#### What is being asked:
Transcribe, word for word and without additions, each line below from the one containing "Ios 11 Introduces" through the one containing "Anti-theft system and", both ends included.

*** Block opens ***

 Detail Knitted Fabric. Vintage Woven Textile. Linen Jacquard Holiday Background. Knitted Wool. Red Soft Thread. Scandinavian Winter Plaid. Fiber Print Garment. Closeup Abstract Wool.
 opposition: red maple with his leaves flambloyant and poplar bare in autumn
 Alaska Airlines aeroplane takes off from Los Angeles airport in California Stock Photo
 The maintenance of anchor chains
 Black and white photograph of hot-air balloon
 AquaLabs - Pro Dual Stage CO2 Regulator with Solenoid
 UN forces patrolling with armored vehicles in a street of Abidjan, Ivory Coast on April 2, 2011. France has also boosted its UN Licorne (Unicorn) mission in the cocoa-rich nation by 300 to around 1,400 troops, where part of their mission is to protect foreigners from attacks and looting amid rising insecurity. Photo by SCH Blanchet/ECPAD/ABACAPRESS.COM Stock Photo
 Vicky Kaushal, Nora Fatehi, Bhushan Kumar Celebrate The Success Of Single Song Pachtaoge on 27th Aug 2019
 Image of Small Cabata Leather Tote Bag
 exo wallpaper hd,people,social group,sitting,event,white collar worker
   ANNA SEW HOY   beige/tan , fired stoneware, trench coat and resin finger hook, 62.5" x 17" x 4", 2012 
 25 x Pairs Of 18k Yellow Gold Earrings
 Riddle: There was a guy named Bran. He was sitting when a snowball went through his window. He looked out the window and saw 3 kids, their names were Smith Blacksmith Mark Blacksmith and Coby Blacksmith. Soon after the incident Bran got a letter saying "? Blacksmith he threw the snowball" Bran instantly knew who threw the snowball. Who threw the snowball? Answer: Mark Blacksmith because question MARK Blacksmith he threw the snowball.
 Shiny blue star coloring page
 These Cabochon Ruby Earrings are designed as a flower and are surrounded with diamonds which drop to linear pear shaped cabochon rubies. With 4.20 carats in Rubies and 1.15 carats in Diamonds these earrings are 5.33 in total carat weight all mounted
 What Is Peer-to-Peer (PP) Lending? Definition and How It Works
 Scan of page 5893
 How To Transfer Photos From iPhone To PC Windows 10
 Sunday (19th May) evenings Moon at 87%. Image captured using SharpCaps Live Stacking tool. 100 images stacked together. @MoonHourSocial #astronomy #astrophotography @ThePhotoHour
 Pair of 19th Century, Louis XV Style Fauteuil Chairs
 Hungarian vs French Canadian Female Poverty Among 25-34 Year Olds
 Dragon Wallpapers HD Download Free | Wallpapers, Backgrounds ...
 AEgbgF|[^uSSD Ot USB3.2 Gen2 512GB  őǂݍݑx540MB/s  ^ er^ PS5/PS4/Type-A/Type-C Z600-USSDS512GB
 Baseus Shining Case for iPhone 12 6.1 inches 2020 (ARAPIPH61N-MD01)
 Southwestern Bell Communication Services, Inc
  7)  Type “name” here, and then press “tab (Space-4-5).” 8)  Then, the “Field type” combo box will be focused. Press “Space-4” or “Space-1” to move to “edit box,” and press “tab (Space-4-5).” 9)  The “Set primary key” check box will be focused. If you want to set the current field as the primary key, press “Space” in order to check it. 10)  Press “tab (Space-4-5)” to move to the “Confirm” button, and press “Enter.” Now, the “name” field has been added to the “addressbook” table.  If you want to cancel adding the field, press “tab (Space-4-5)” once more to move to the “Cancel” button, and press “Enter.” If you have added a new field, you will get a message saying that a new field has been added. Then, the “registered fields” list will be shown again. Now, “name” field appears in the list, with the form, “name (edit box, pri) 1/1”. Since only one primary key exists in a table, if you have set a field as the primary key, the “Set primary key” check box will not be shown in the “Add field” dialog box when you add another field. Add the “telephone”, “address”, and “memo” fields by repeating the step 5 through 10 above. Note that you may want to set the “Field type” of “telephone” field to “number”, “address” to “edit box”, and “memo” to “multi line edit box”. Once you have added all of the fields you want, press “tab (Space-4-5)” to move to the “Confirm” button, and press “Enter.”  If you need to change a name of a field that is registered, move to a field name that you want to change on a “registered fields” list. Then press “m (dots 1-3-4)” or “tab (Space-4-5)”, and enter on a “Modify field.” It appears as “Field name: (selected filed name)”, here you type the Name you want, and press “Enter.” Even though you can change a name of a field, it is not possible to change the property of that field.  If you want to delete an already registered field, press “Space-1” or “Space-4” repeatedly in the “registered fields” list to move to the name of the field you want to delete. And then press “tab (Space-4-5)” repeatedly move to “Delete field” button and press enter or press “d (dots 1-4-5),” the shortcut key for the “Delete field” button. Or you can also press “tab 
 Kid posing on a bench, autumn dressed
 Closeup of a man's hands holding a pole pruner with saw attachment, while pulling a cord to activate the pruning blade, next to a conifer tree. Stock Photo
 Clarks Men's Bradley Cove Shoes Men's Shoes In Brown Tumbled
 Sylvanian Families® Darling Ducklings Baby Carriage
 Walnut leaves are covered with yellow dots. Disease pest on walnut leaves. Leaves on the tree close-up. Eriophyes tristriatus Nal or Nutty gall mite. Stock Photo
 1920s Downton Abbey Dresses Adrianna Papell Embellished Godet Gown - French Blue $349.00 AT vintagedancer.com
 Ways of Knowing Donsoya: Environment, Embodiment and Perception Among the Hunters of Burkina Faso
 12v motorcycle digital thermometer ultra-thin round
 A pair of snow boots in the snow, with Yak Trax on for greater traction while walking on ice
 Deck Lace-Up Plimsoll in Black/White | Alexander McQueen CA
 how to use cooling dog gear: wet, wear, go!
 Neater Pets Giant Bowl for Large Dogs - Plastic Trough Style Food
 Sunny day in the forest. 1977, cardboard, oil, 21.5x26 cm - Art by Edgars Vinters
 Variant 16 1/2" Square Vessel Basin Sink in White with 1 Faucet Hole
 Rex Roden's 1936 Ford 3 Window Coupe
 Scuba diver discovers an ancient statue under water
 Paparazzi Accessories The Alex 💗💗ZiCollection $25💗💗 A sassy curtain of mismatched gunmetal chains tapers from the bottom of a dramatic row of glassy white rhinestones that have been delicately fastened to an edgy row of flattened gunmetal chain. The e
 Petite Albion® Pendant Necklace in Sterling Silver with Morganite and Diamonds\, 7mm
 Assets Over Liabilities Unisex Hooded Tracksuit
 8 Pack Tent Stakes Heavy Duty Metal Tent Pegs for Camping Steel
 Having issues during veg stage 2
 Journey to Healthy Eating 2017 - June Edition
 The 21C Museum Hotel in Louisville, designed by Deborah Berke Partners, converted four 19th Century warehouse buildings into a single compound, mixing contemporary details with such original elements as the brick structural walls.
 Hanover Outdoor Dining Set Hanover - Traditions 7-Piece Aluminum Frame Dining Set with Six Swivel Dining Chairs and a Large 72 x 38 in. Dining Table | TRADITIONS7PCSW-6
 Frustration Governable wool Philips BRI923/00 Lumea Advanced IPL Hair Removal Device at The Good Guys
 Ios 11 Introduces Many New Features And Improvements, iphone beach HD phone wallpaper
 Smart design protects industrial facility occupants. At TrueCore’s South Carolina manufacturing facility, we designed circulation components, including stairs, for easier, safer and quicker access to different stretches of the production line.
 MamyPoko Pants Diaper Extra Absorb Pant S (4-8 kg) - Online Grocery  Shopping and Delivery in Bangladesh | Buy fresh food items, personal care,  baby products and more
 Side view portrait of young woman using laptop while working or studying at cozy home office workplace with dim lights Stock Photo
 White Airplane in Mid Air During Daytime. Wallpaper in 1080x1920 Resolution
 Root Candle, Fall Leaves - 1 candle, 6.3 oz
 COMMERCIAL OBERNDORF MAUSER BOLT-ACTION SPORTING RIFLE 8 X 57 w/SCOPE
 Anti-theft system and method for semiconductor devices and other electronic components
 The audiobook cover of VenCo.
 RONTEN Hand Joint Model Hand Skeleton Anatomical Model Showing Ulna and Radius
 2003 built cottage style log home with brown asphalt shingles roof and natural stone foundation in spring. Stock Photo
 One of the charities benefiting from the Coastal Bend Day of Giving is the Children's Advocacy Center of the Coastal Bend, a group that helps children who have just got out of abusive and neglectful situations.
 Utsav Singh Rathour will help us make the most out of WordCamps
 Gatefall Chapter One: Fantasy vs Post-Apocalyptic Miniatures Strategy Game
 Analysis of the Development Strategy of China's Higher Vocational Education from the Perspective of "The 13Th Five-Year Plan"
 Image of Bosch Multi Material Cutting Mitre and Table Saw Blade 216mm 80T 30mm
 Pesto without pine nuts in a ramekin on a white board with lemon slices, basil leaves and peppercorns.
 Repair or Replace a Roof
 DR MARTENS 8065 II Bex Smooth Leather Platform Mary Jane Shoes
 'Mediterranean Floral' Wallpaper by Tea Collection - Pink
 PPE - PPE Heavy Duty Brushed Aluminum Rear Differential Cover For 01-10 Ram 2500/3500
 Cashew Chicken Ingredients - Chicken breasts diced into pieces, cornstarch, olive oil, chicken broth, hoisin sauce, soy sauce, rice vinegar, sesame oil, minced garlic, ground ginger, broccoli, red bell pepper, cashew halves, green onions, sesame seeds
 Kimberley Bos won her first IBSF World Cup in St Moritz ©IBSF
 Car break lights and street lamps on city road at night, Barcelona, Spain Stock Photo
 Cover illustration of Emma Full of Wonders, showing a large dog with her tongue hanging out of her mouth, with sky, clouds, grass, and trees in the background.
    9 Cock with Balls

*** Block closes ***

#### Answer to the exercise:
 Ios 11 Introduces Many New Features And Improvements, iphone beach HD phone wallpaper
 Smart design protects industrial facility occupants. At TrueCore’s South Carolina manufacturing facility, we designed circulation components, including stairs, for easier, safer and quicker access to different stretches of the production line.
 MamyPoko Pants Diaper Extra Absorb Pant S (4-8 kg) - Online Grocery  Shopping and Delivery in Bangladesh | Buy fresh food items, personal care,  baby products and more
 Side view portrait of young woman using laptop while working or studying at cozy home office workplace with dim lights Stock Photo
 White Airplane in Mid Air During Daytime. Wallpaper in 1080x1920 Resolution
 Root Candle, Fall Leaves - 1 candle, 6.3 oz
 COMMERCIAL OBERNDORF MAUSER BOLT-ACTION SPORTING RIFLE 8 X 57 w/SCOPE
 Anti-theft system and method for semiconductor devices and other electronic components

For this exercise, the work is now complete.